8. A system for superimposing visual data relative to a patient, the system comprising:

a controller;

a memory communicably connected to the controller and storing a plurality of executable instructions;

an imaging device communicably connected to the controller and configured to capture 3D scans of a patient's face; and

a mixed reality device communicably connected to the controller,

wherein:

the controller is configured to cause the system to, upon executing the plurality of executable instructions:

extract patient-specific facial features from the plurality of 3D scans;

fine-tune a pre-trained generic 3D facial recognition AI model using the patient-specific facial features to generate visual data relative to the patient's face;

perform real-time recognition and tracking of the patient's face on the mixed reality device using the fine-tuned AI model; and

superimpose the visual data on the patient's tracked face using the mixed reality device.

9. The system of claim 8, wherein the visual data is superimposed on the patient's tracked face during an execution of a real time live dental, oral or maxillofacial procedure, endodontic, orthodontic and periodontic procedures.

10. The system of claim 9, wherein the procedure is an endodontic, orthodontic or periodontic procedure, the procedure being a surgical or a restorative procedure.

11. The system of claim 8, wherein the plurality of 3D scans comprise a plurality of 3D face scans of the patient from different angles and expressions.

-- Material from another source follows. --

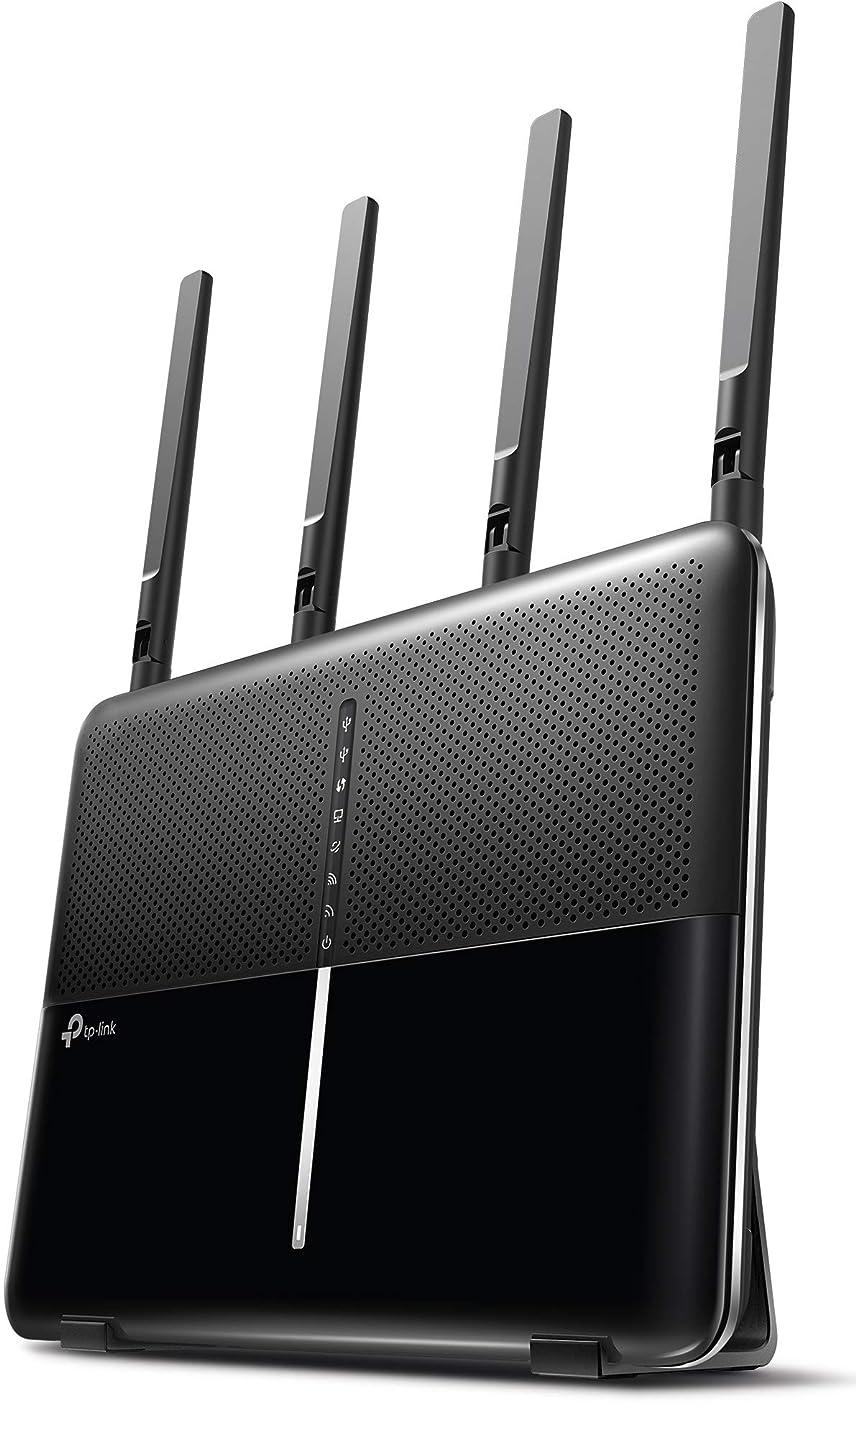 アクティブ発信カッターTP-Link WiFi ルーター 2167 + 1000 Mbps 無線LAN セキュリティ搭載 フルギガポート Archer C3150 + 【ルーター用縦置きスタンド】

12. The system of claim 8, wherein fine-tuning the generic 3D facial recognition AI model comprises adjusting weights of layers of the generic 3D facial recognition AI model based on the patient-specific facial features.

13. The system of claim 8, wherein the visual data comprises a 3D model associated with a facial structure of the patient, and superimposing the visual data comprises determining a real-time position of the facial structure in 3D space according to the patient's tracked face, and projecting the 3D model in alignment with the determined position of the facial structure.

14. The system of claim 13, wherein the facial structure comprises a dental structure.

15. The system of claim 13, wherein the 3D model comprises at least one of: a 3D model of a denture, a 3D model of a virtual surgical or restorative planning, a virtual 3D smile design, a 3D model of a virtual orthodontic or orthognathic planning, a 3D model of a dental implant, a 3D model of operations of a periodontal, orthognathic or endodontic surgical guide, a 3D representation of a treatment plan, a 3D model of a patient's teeth, oral, maxillofacial or other anatomical facial structures.